-- PROBLEM --
In the records below, locate the line containing "Với những họa", then output that line and all later lines exactly, through the last one.

### EXERCISE DATA ###

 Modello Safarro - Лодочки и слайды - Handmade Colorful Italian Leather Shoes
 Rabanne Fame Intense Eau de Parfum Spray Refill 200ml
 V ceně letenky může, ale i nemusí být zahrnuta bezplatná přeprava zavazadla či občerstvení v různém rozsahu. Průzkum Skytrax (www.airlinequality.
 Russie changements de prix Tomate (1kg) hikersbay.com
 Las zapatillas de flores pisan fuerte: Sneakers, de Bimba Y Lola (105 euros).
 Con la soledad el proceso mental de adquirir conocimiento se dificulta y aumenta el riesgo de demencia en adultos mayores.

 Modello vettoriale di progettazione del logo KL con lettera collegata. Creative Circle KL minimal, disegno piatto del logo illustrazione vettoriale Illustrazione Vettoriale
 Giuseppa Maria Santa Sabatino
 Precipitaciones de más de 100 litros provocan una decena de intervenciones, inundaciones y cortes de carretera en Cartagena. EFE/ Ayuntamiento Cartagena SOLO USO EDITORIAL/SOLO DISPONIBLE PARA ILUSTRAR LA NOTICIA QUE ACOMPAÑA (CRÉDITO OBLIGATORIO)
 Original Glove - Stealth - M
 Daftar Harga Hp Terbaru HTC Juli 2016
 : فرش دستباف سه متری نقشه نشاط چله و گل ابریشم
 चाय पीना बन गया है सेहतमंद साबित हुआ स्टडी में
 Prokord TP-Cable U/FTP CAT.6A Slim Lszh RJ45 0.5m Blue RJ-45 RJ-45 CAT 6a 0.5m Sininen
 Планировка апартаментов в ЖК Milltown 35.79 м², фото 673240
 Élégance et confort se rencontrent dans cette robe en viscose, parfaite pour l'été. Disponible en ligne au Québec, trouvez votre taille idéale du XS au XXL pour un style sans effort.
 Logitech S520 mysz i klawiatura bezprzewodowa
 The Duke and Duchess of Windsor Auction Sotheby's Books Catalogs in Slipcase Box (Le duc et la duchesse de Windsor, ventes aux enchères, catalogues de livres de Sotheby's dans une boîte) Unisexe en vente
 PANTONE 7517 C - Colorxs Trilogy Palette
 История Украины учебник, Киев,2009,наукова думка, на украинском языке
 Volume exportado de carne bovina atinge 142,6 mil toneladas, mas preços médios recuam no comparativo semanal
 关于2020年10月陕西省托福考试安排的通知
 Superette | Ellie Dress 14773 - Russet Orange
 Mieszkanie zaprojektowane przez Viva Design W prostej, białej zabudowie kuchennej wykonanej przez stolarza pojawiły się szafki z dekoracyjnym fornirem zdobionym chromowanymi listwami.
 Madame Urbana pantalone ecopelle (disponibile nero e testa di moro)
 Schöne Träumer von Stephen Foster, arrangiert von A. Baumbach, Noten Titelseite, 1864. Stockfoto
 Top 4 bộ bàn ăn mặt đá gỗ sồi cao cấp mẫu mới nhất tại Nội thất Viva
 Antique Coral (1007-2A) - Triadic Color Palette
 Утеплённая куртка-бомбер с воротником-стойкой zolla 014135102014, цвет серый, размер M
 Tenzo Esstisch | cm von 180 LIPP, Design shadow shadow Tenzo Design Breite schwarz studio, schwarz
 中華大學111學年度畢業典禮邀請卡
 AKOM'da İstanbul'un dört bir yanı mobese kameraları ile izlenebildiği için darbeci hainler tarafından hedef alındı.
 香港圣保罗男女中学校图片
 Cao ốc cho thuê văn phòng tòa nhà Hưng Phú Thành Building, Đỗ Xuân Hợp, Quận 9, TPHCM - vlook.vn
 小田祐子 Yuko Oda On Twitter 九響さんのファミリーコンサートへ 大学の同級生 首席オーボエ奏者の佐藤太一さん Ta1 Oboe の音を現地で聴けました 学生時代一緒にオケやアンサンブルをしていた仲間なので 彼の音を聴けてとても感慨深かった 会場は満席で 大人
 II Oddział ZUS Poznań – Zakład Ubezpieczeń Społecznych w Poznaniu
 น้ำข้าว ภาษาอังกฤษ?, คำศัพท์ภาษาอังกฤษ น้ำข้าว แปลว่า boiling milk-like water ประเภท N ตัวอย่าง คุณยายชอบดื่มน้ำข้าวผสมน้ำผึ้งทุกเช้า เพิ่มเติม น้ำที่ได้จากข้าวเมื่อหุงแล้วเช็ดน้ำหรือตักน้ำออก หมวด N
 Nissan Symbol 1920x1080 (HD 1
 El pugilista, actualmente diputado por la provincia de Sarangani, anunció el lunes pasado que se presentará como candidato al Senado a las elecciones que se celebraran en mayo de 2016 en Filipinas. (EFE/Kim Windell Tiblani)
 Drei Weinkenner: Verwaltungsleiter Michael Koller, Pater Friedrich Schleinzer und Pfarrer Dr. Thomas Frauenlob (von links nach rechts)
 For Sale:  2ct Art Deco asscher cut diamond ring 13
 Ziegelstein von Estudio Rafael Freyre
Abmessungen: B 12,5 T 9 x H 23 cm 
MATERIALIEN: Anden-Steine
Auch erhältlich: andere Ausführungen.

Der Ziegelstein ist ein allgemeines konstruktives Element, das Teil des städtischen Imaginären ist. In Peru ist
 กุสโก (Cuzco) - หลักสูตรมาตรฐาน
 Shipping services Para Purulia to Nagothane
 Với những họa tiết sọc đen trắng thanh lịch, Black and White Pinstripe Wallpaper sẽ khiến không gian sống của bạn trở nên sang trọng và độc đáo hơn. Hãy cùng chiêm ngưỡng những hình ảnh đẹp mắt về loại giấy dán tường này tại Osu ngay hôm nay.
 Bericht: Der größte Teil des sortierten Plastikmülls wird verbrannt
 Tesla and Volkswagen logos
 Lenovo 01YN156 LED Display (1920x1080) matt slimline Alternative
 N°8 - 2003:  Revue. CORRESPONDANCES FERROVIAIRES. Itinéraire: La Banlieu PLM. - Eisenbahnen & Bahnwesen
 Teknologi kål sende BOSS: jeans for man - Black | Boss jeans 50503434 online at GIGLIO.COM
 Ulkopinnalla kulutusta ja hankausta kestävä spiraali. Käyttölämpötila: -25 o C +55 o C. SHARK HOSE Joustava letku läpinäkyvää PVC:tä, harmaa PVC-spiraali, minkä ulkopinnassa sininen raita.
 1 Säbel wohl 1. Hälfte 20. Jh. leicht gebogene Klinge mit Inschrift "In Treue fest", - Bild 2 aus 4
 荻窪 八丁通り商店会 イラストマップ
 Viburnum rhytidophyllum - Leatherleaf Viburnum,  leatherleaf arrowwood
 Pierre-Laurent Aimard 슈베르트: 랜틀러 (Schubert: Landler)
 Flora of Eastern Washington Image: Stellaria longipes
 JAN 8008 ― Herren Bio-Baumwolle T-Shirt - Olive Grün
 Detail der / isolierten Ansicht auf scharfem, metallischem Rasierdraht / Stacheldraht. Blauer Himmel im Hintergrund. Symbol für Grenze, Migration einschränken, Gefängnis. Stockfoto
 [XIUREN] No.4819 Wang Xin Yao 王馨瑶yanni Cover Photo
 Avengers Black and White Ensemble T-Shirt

###

-- YOUR SOLUTION --
 Với những họa tiết sọc đen trắng thanh lịch, Black and White Pinstripe Wallpaper sẽ khiến không gian sống của bạn trở nên sang trọng và độc đáo hơn. Hãy cùng chiêm ngưỡng những hình ảnh đẹp mắt về loại giấy dán tường này tại Osu ngay hôm nay.
 Bericht: Der größte Teil des sortierten Plastikmülls wird verbrannt
 Tesla and Volkswagen logos
 Lenovo 01YN156 LED Display (1920x1080) matt slimline Alternative
 N°8 - 2003:  Revue. CORRESPONDANCES FERROVIAIRES. Itinéraire: La Banlieu PLM. - Eisenbahnen & Bahnwesen
 Teknologi kål sende BOSS: jeans for man - Black | Boss jeans 50503434 online at GIGLIO.COM
 Ulkopinnalla kulutusta ja hankausta kestävä spiraali. Käyttölämpötila: -25 o C +55 o C. SHARK HOSE Joustava letku läpinäkyvää PVC:tä, harmaa PVC-spiraali, minkä ulkopinnassa sininen raita.
 1 Säbel wohl 1. Hälfte 20. Jh. leicht gebogene Klinge mit Inschrift "In Treue fest", - Bild 2 aus 4
 荻窪 八丁通り商店会 イラストマップ
 Viburnum rhytidophyllum - Leatherleaf Viburnum,  leatherleaf arrowwood
 Pierre-Laurent Aimard 슈베르트: 랜틀러 (Schubert: Landler)
 Flora of Eastern Washington Image: Stellaria longipes
 JAN 8008 ― Herren Bio-Baumwolle T-Shirt - Olive Grün
 Detail der / isolierten Ansicht auf scharfem, metallischem Rasierdraht / Stacheldraht. Blauer Himmel im Hintergrund. Symbol für Grenze, Migration einschränken, Gefängnis. Stockfoto
 [XIUREN] No.4819 Wang Xin Yao 王馨瑶yanni Cover Photo
 Avengers Black and White Ensemble T-Shirt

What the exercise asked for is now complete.